@ideasBoomAu or bust?


In the most recent issue of Education Technology Solutions, we presented the article titled @ideasBoomAu Or Bust? by Dr Jane Hunter. This article explored the potential impact of the Government’s new five year National Innovation and Science Agenda (NISA). While the article was correct at the time of writing, subsequent announcements by the Government have since rendered some of the information in the article out of date. What follows is an updated version of the article encompassing the most recent information available.  


By Dr Jane Hunter.

On Monday 7 December 2015 Prime Minister Malcolm Turnbull announced a five year National Innovation and Science Agenda (NISA) for Australia. There are several prongs to this plan explained in a series of factsheets. I want to focus on three that most directly influence schools, principals, teachers and students: Factsheets 18, 19 and 20.

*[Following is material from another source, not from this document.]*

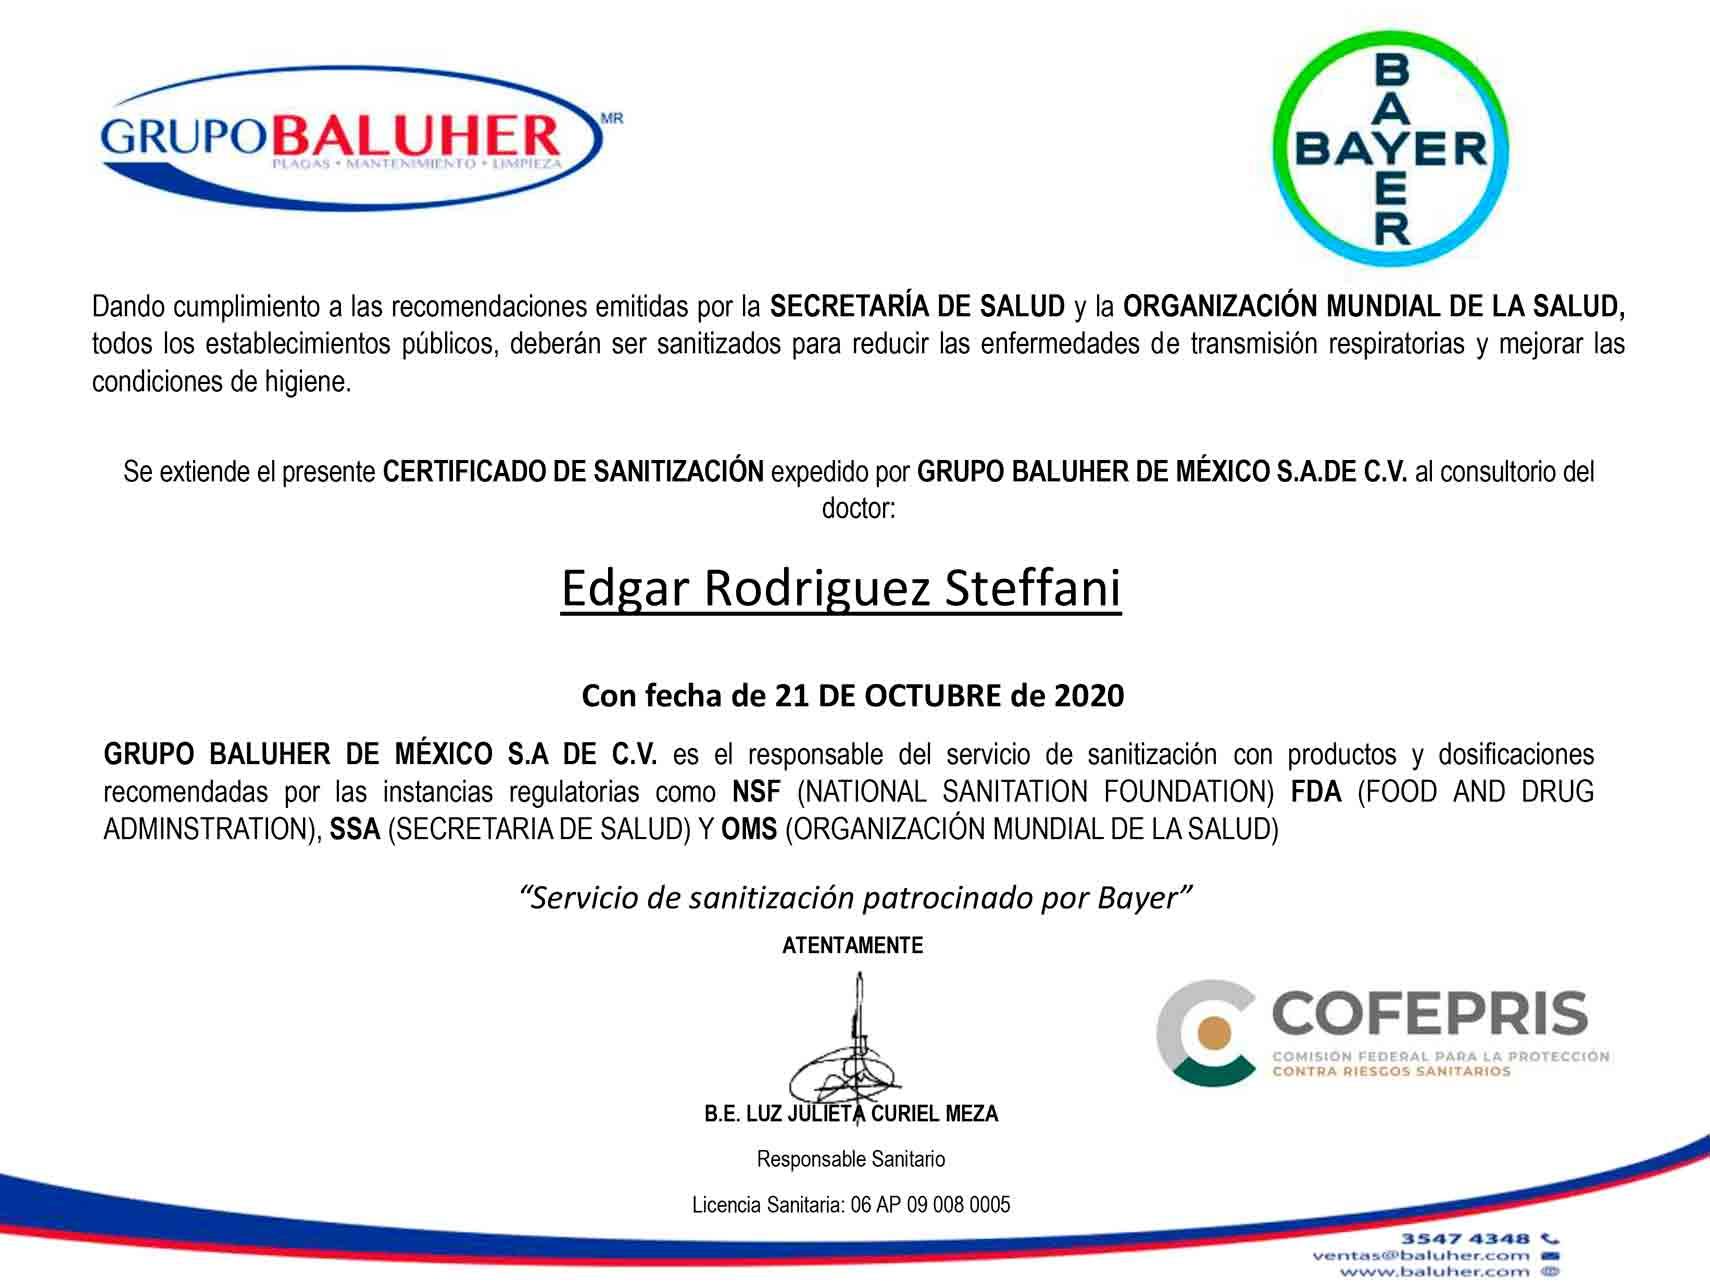 Certificado de Sanitazación

As expected the agenda has attracted widespread commentary in the media and debate ranges from sheer delight that it’s ‘necessary as Australian minerals explosion comes to end’ through to concerns as to ‘whether there will be real Science Technology Mathematics Technology (STEM) jobs for young people when they are STEM qualified’.

Briefly, in Factsheet 18 $48 million is allocated to Inspiring a Nation of Scientists with a focus on expanding the Prime Minister’s Science prizes in STEM, there is support to students in Science and Mathematics competitions, mooted development of play based apps for early childhood educators and backup and expansion of community and citizen science projects.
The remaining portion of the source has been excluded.